Reproduce every line of the material below, but drop the pictures.

Available data Start Marker

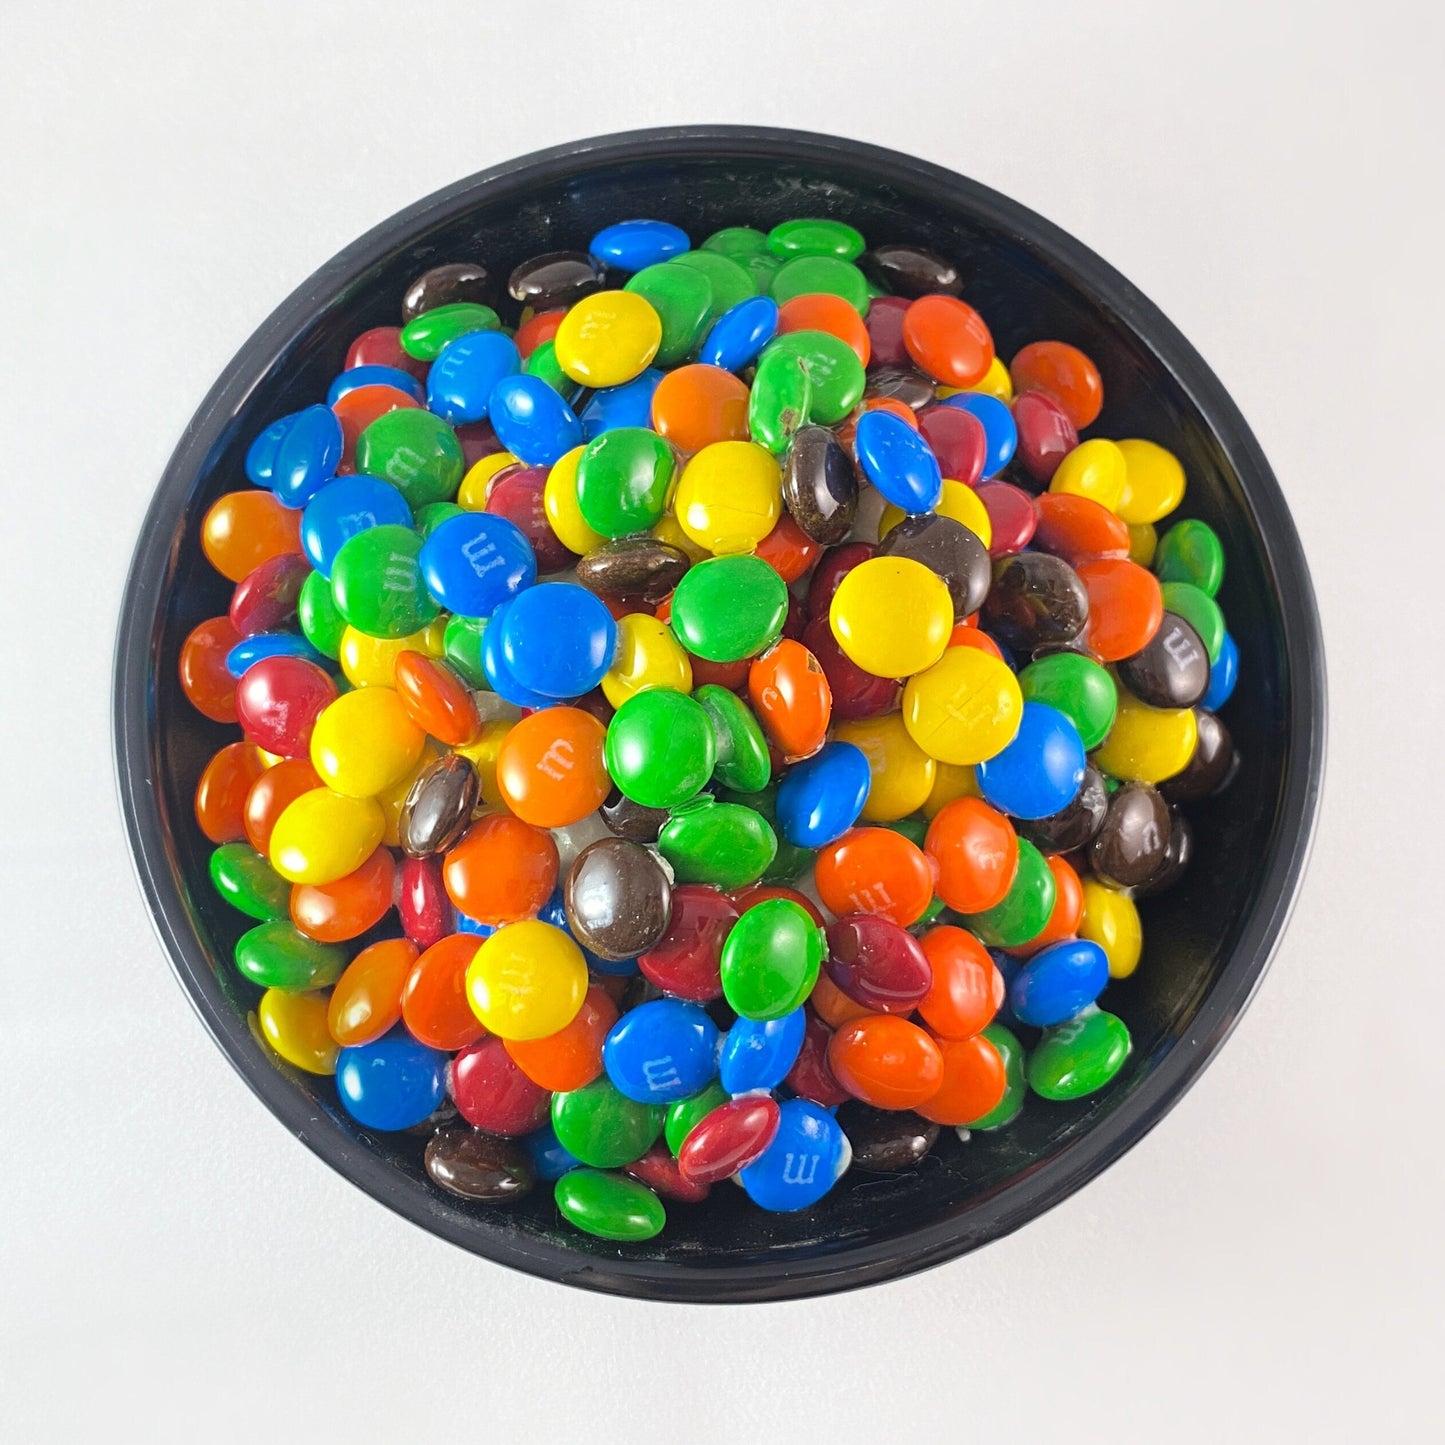 Bowl of M&Ms, Venetian Glass Decor - Handmade in Italy, Colorful Murano Glass
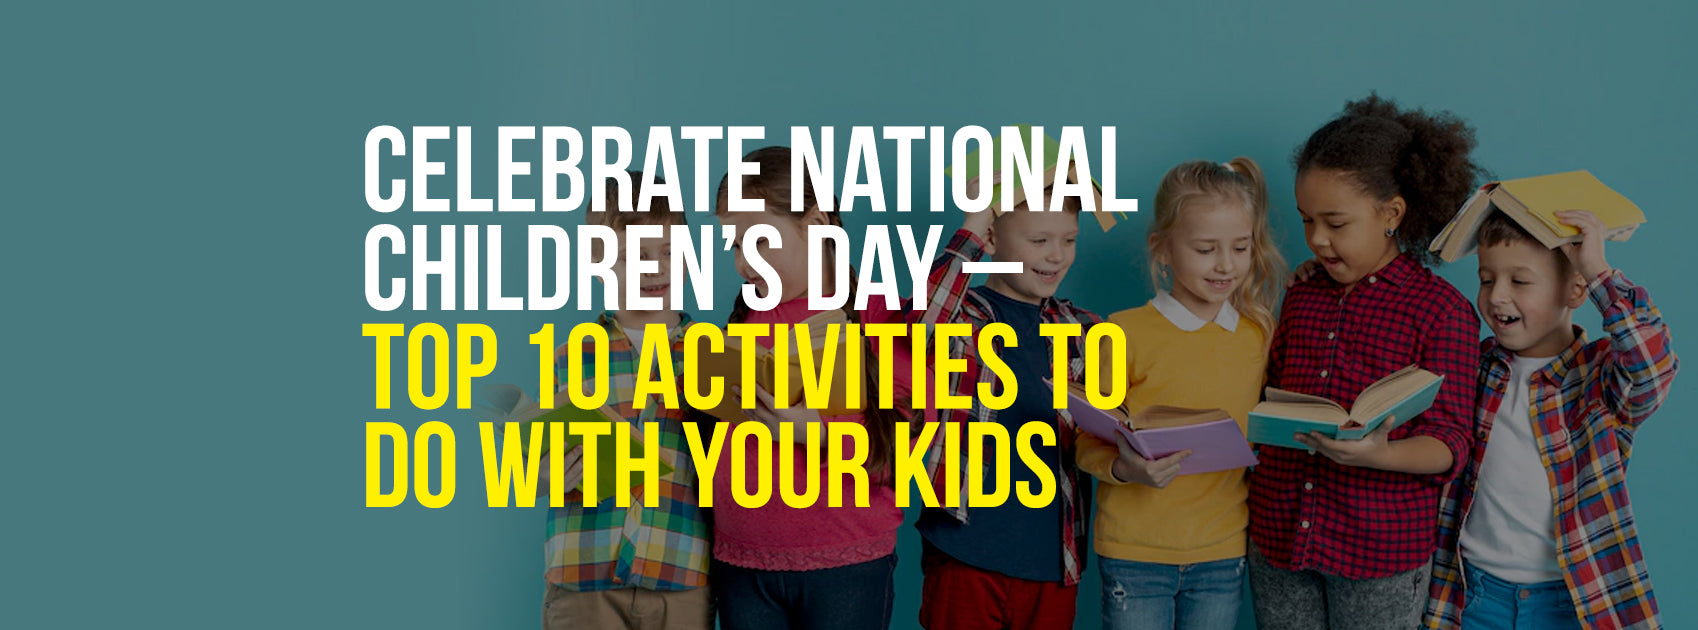 National Children’s Day, Top 10 Activities to Do with Your Kids
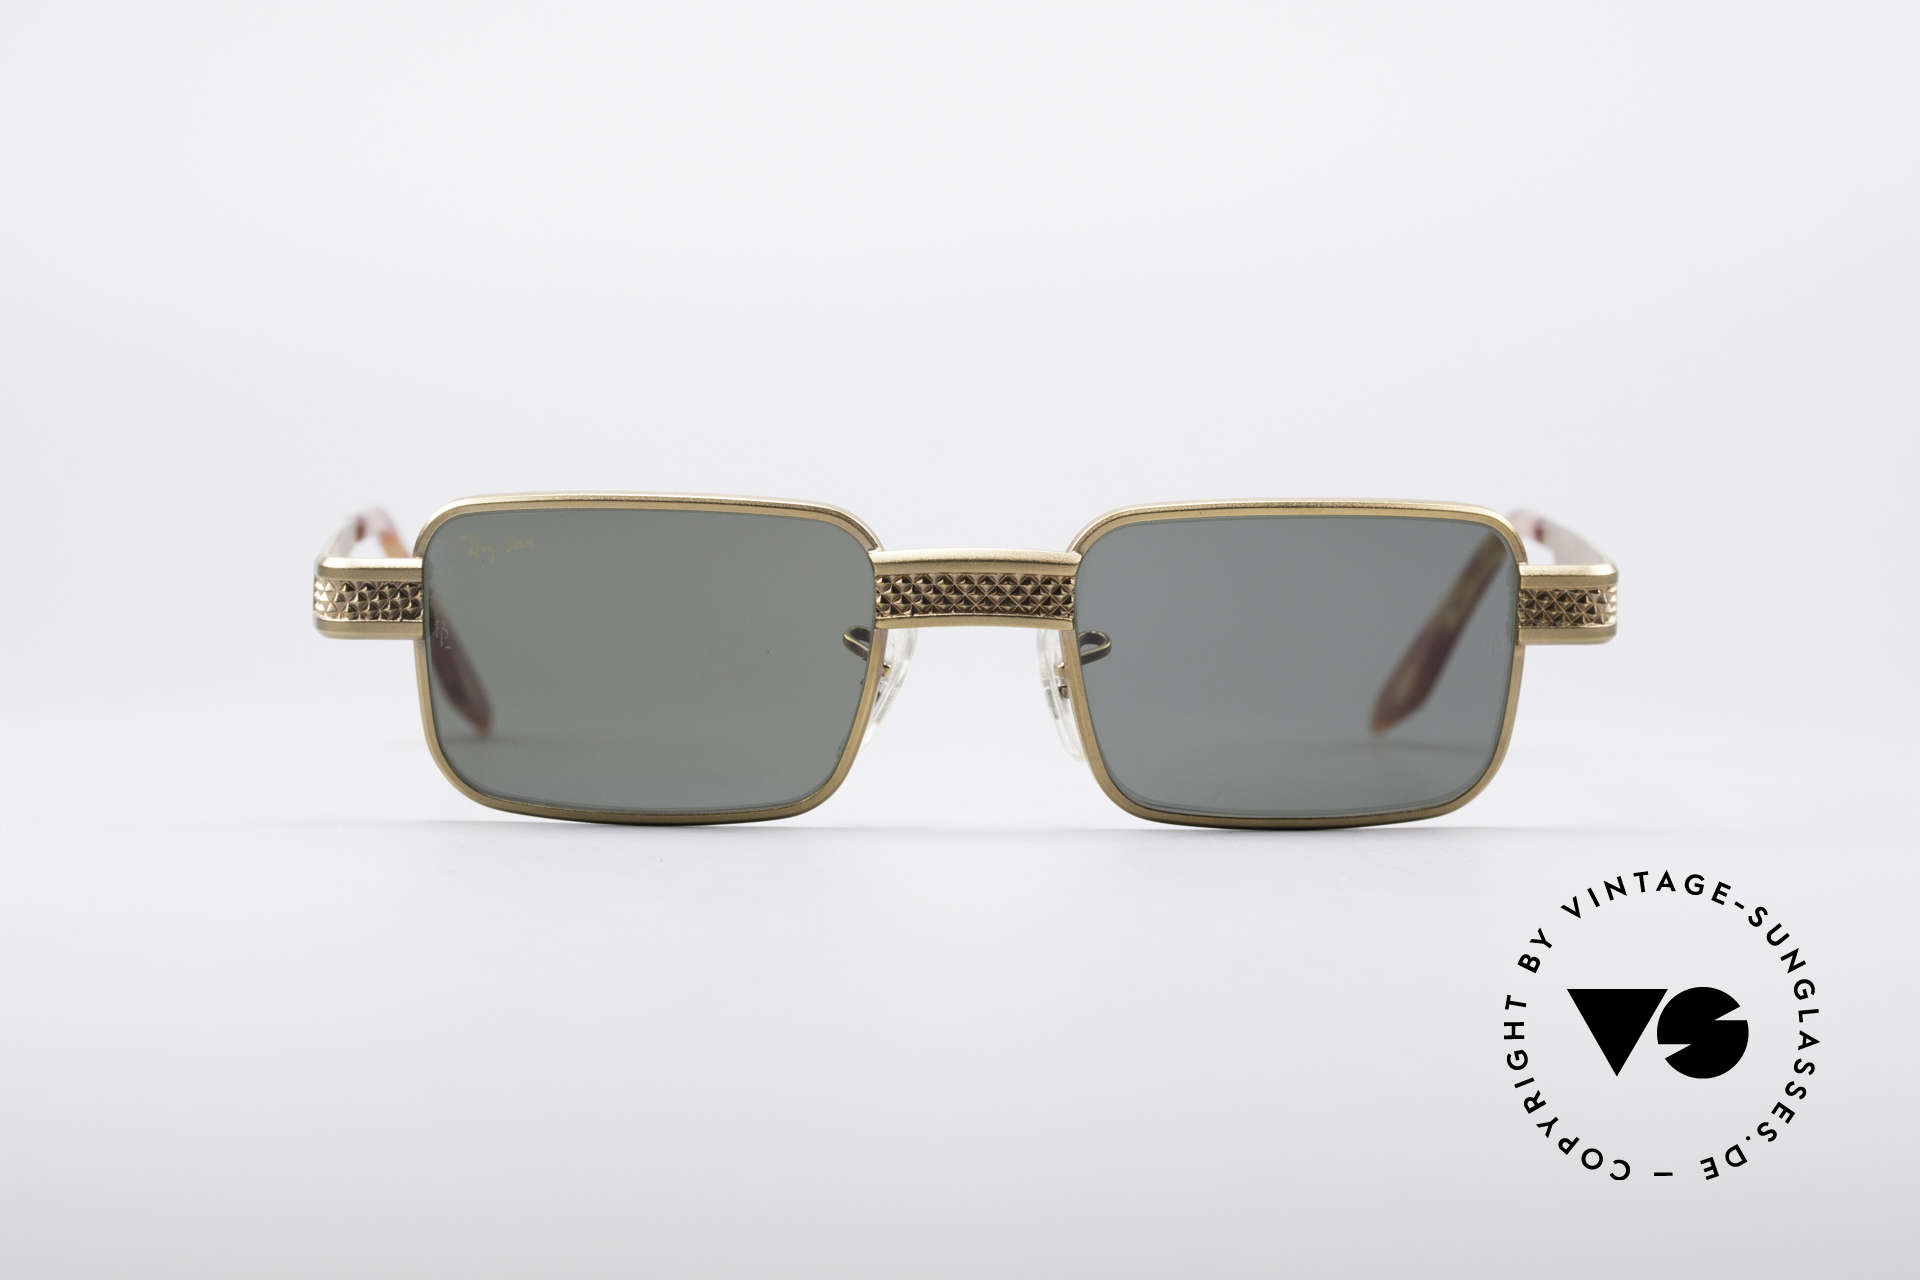 Sunglasses Ray Ban Undercurrent Metal Gold Rectangle

Available data End Marker

> The completed task
 Bowl of M&Ms, Venetian Glass Decor - Handmade in Italy, Colorful Murano Glass
 National Children’s Day, Top 10 Activities to Do with Your Kids
 Sunglasses Ray Ban Undercurrent Metal Gold Rectangle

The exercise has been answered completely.